▶ Problem description
The required output is the exact run of lines from the one bearing "Eagle Sweatshirt in" through the final line of the listing below, with the pictures removed.

▶ Given information
== Segment start ==

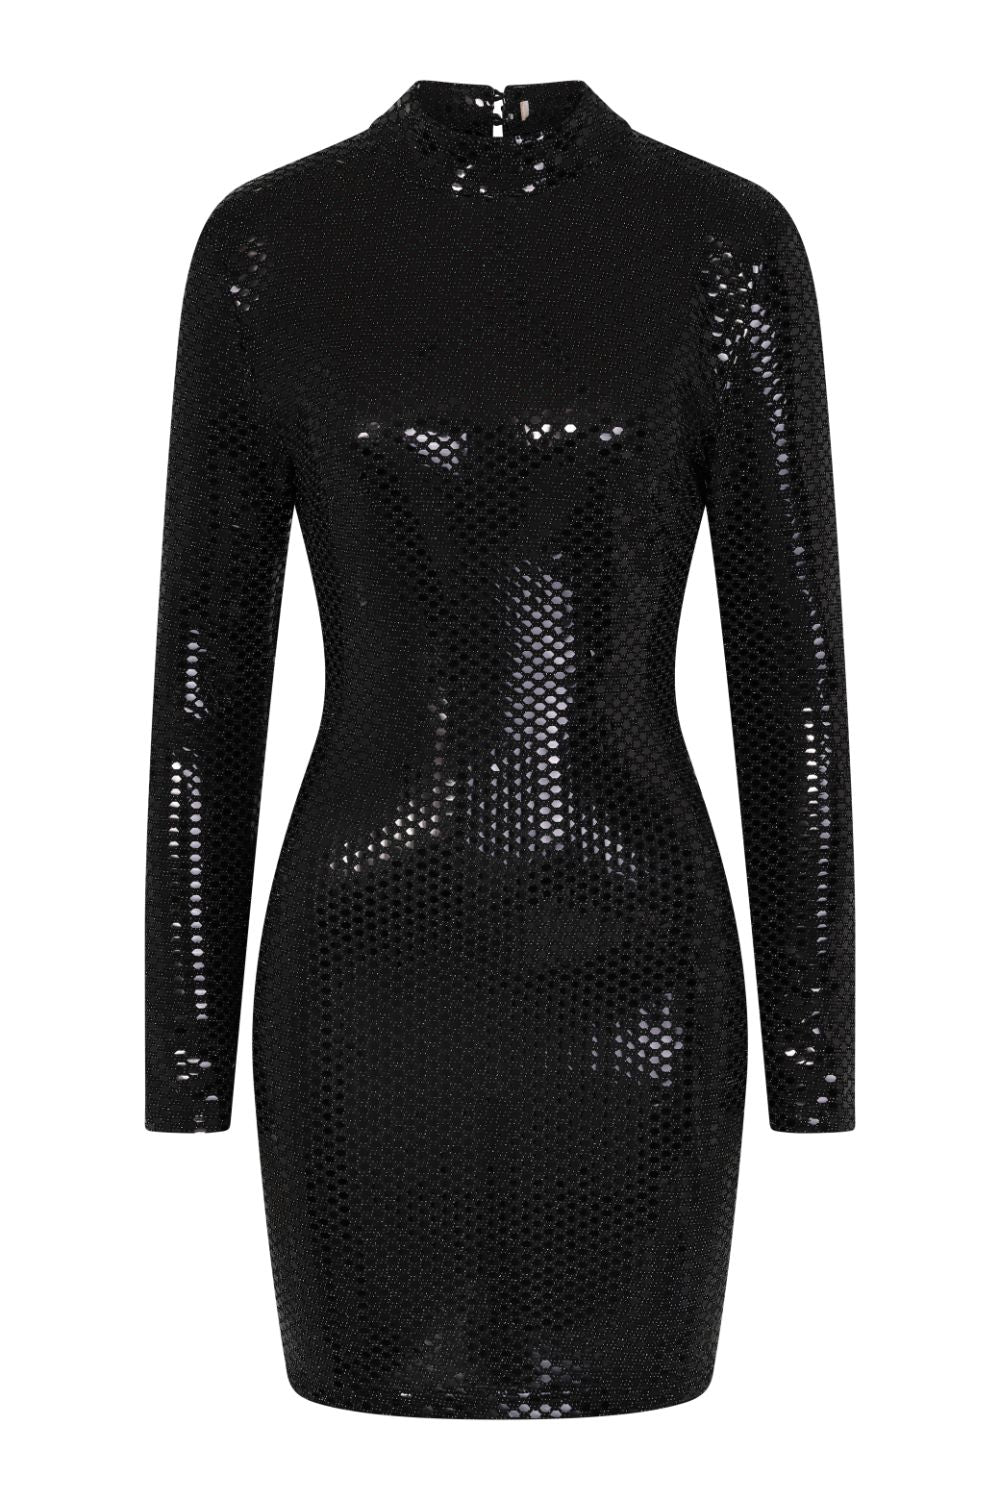 Hypnotised Black Metallic Mirrored Sequin Bodycon Dress
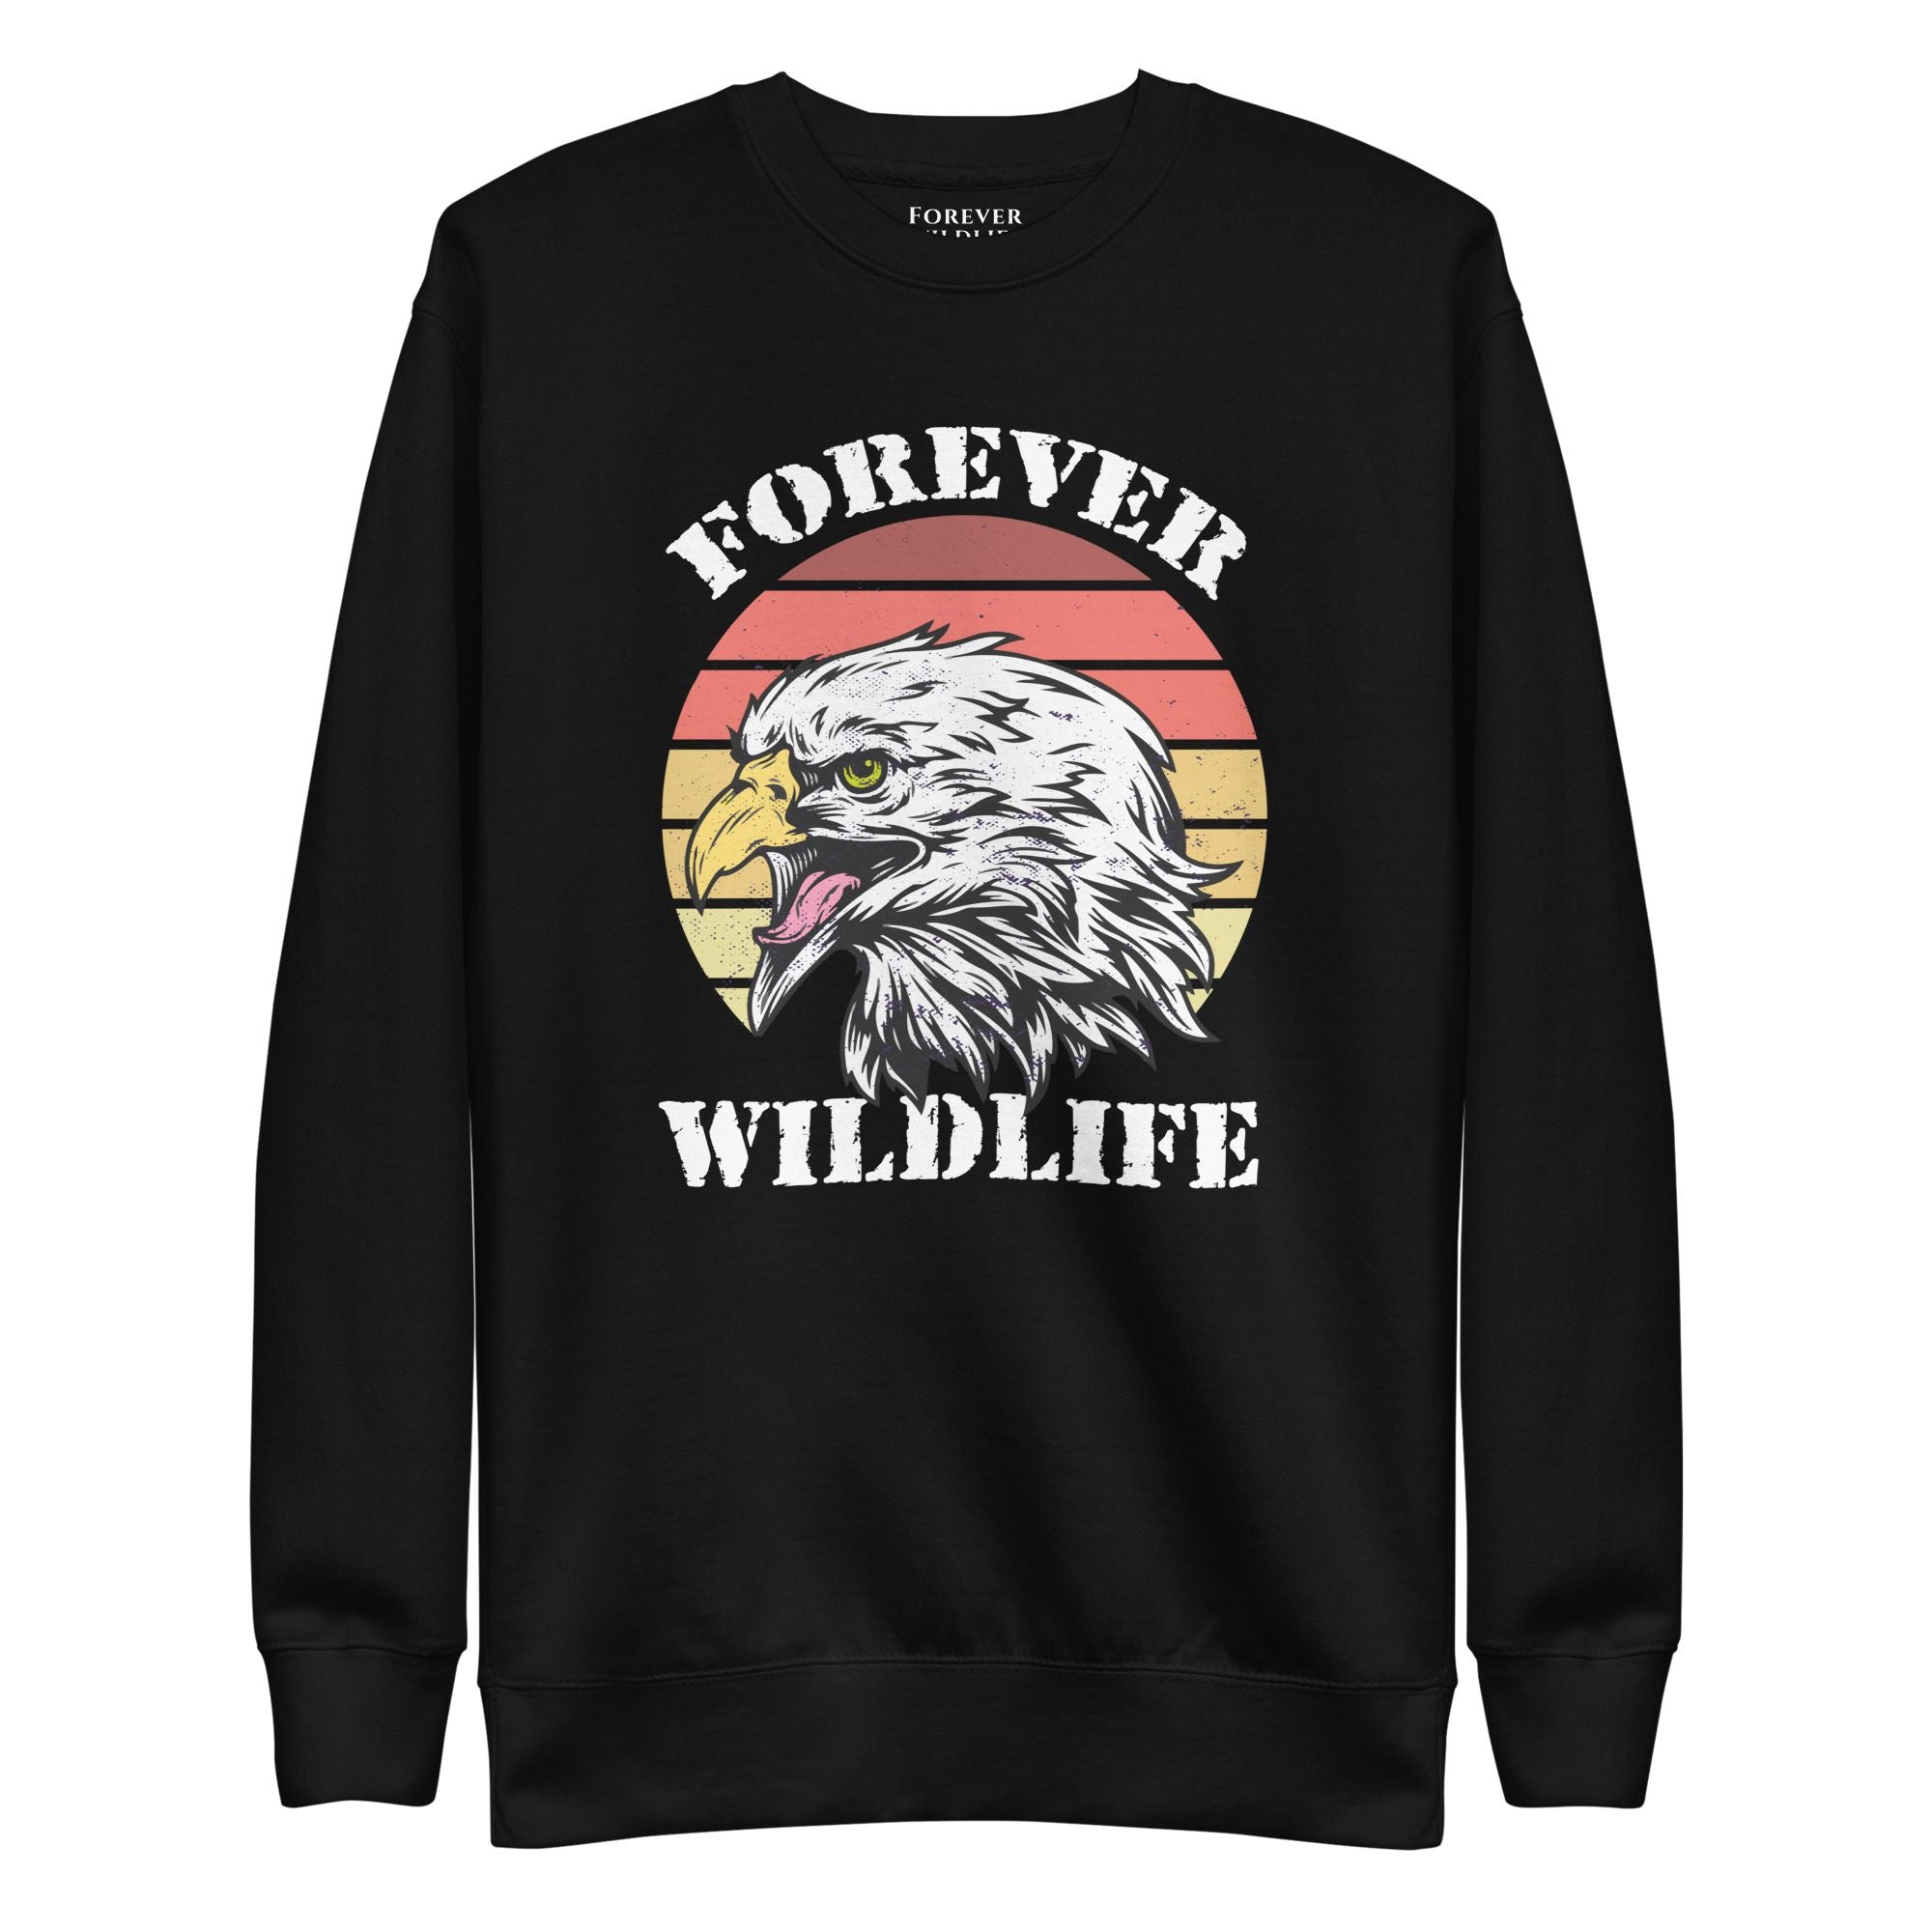 Eagle Sweatshirt in Black-Premium Wildlife Animal Inspiration Sweatshirt Design, part of Wildlife Sweatshirts & Clothing from Forever Wildlife.
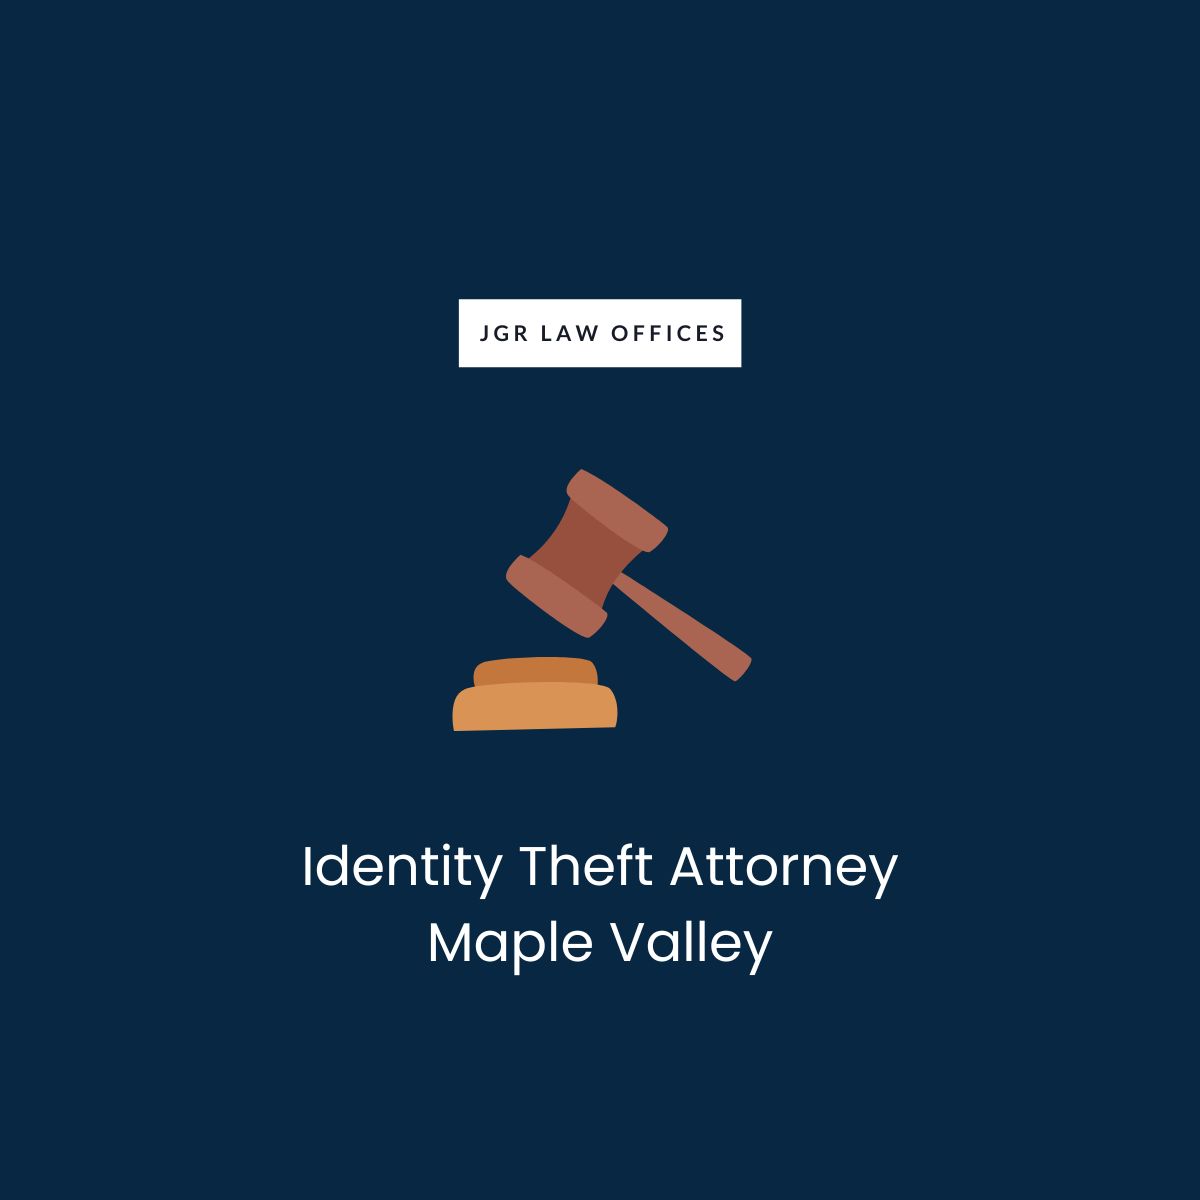 Identity Theft Attorney Maple Valley Identity Theft Identity Theft

== Segment end ==

▶ Solution
 Eagle Sweatshirt in Black-Premium Wildlife Animal Inspiration Sweatshirt Design, part of Wildlife Sweatshirts & Clothing from Forever Wildlife.
 Identity Theft Attorney Maple Valley Identity Theft Identity Theft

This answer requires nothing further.